Behavioral Data Mining Homework 1 Naïve Bayes Classifier Yin-Chia Yeh, Hanzhong Ye (Ayden) Overview: The goal of this assignment is to apply the naïve Bayes classifier to a data set of labeled textual movie reviews. We tried both Bernoulli and multinomial models to implement the classifier. To evaluate the classifier, we did a 10-fold cross-validation and applied an accuracy measure on correct ratio and F1 value. We also calculated the word frequency in our model, and discussed on the words with the top weights. Implementation: We have used both multinomial and Bernoulli models to implement our naïve Bayes classifier. The core part of our code is as following: Classifier def loglikelihood (wordcnt:double, totalcnt:double, totaldistinct:double):double = { val smoothing = 1.0; Math.log((wordCnt + smoothing) / (totalcnt + totaldistinct*smoothing)) } var negscore = 0.0; var posscore = 0.0; inarticle.foreachpair( (s,c) =>{ val negwordcnt = negdic.get(s) match { case Some(cnt) => cnt; case None => 0.0; }; val poswordcnt = posdic.get(s) match { case Some(cnt) => cnt; case None => 0.0; }; //For Multinomial Model negscore += c*loglikelihood(negwordcnt, negallwordcnt, negdistinctwordcnt); posscore += c*loglikelihood(poswordcnt, posallwordcnt, posdistinctwordcnt); // For Bernoulii Model negscore += loglikelihood(negwordcnt, negallwordcnt, negdistinctwordcnt); posscore += loglikelihood(poswordcnt, posallwordcnt, posdistinctwordcnt); })
After implementation, we did a 10-fold cross-validation and computed two statistics 1. Correct classification rate (# of correct classified samples / # of tested samples) 2. F1 value (derived from Precision value and Recall value).

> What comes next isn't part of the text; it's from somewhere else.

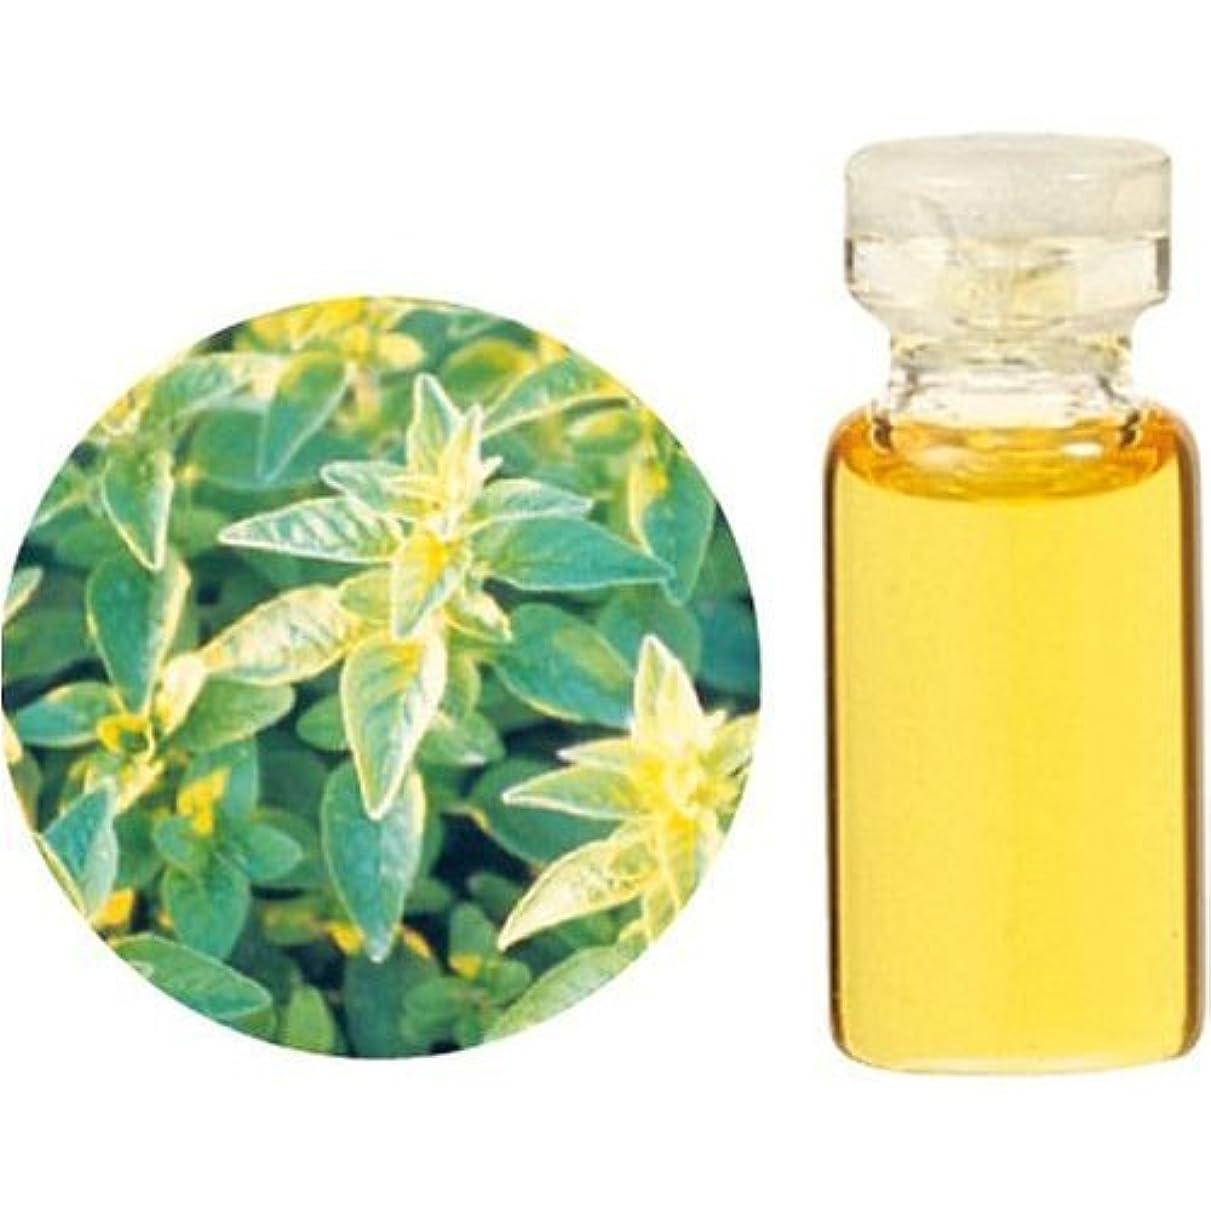 率直な世紀ガード生活の木 Herbal Life レアバリューオイル メリッサ 1ml

Model Type Comparisom We have implemented naïve Bayes classifier using both multinomial and Bernoulli models. Firstly we observe the influence of model type on correct classification rate and F1 value under three chosen Alpha value (0.5,1,2), as shown in Figure.1 and Figure.2. Figure.1 Influence of Model Type on Correct Ratio (with Alpha =0.5, 1, 2)
Figure.1 Influence of Model Type on F1 Value (with Alpha =0.5, 1, 2) From Figure.1 and Figure.2 we can know that under the condition with Alpha = 0.5, 1 and 2, neither correct ration nor F1 value is significantly influenced by the model type chosen. Both multinomial and Bernoulli models have their correct classification around 0.81, and the F1 value is around 0.79. We used multinomial model in the rest of this report. Smoothing Term Value Then, we tested the influence of Alpha value for smoothing when using multinomial model. We pick Alpha value from 0.015625 and following values doubling its previous one, which are evenly distributed on a X axis with value log(alpha)/log 2. Figure. 3 and Figure. 4 show the influence of Alpha value on correct ratio and on F1 value.

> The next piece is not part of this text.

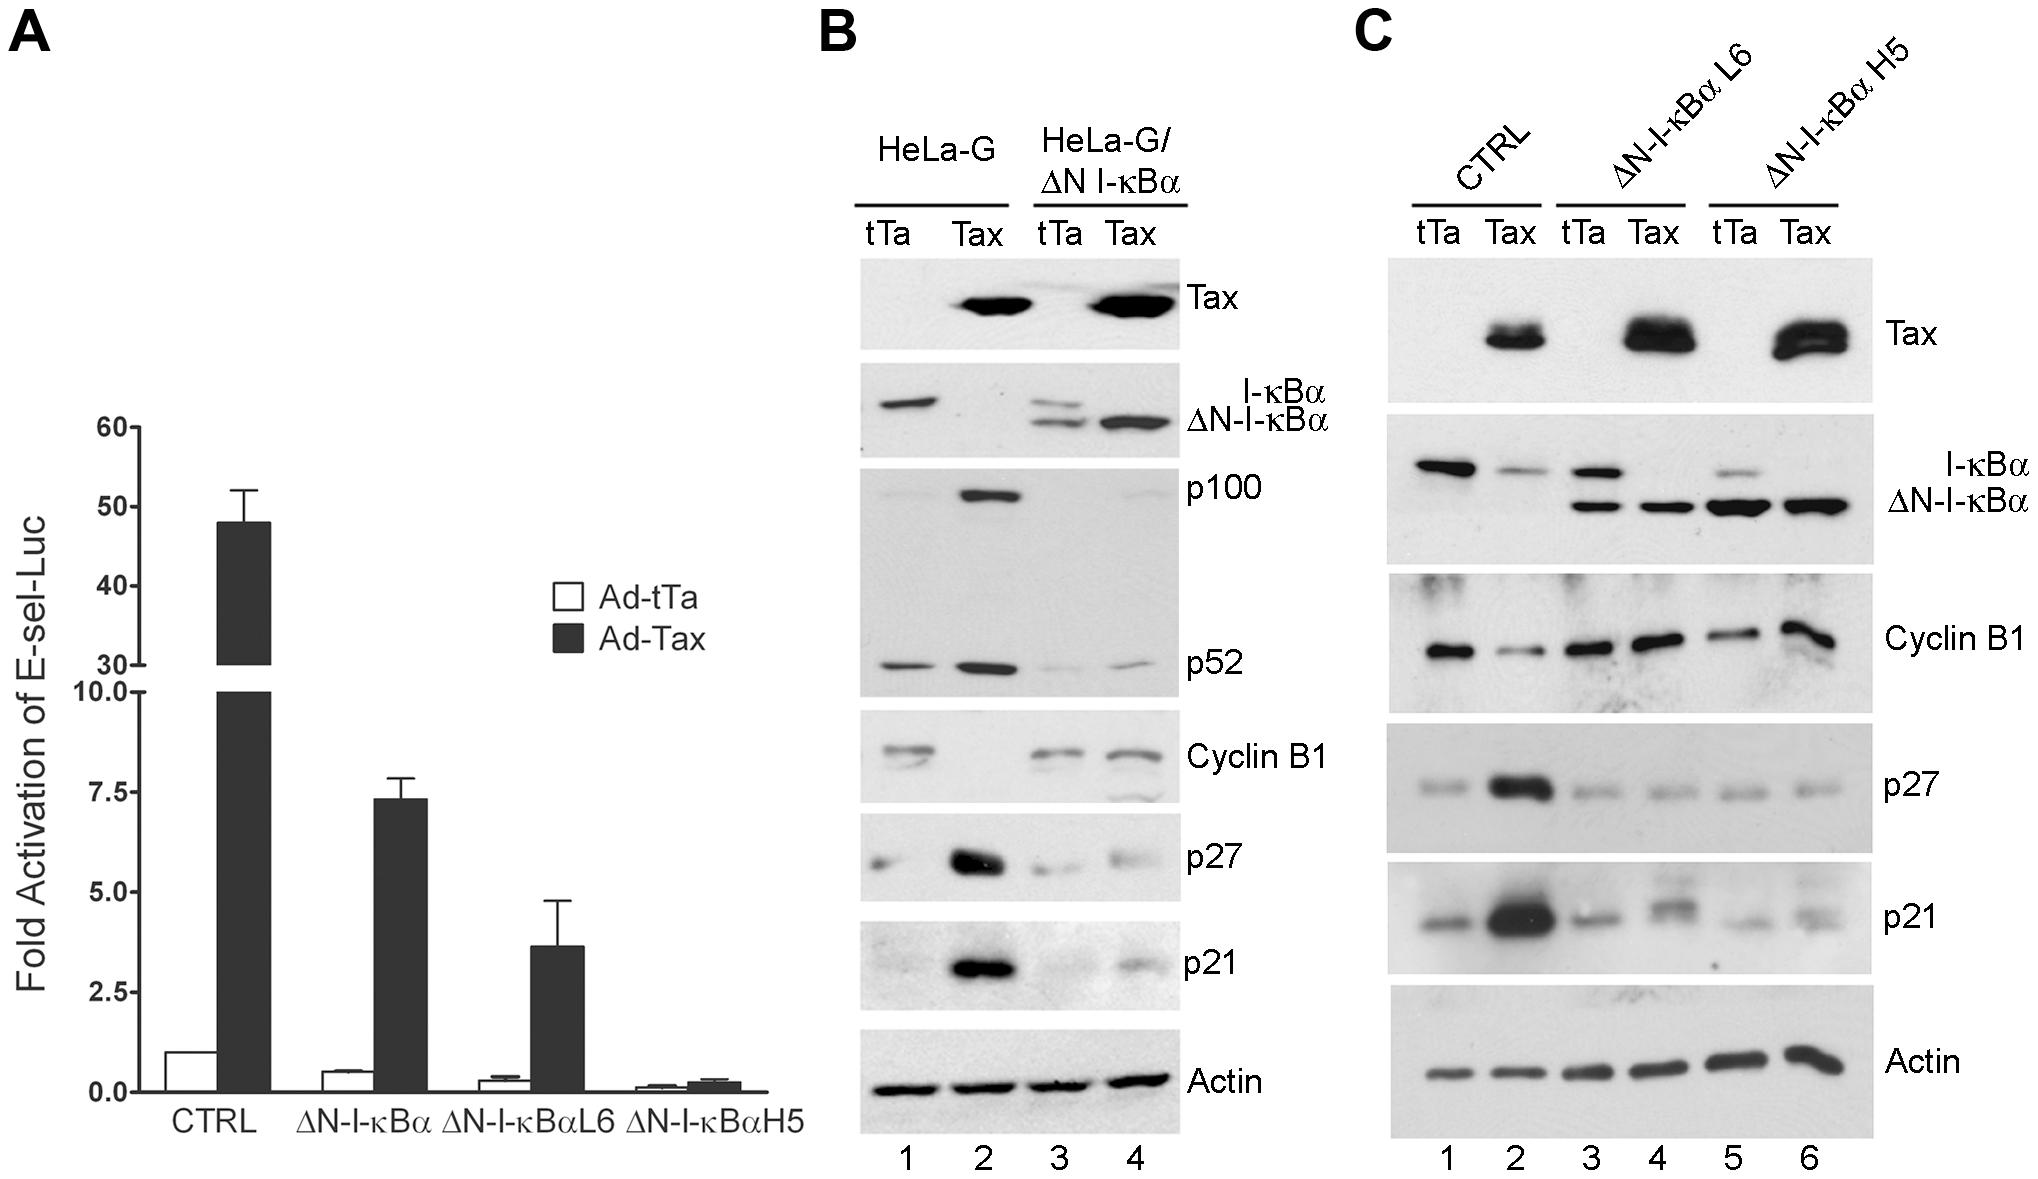 ΔN-I-κBα, a degradation-resistant form of I-κBα, blocks Tax-mediated activation of NF-κB, induction of p21 and p27, and down-regulation of cyclin B.

Figure 3. Influence of Alpha Value on Correct Ration (Multinomial Model) Figure 4. Influence of Alpha Value on F1 Value (Multinomial Model)
From the figures above we can conclude that from Alpha value <<1 to around Alpha value = 32, correct ration and F1 value are not largely influenced by Alpha value, with an value around 0.8 and 0.78 individually, then from Alpha value = 32 both values increse and at around Alpha value = 64 they reach a peak value both around 0.83. Afterwards both values drastically go down with increasing Alpha, and finally the system fails with Alpha value reaching 2048. Word Weights Analysis: We have also made a statistical review of the words with the top weights. We have made a word count from the training data of 900 positive reviews with 712103 words consisting of 38106 distinct words, and 900 negative reviews with 637078 words consisting of 35837 distinct words. The top 10 words with most weight for both are showed in Table 1. Table 1. Top 10 words with most weight in positive and negative training data. It is obvious that none of these top ranked words is carrying any useful information on reviewers attitude. However, when we looked into the top 500 most frequently used words in both pools, we do find some meaningful words, as showed in Table. 2.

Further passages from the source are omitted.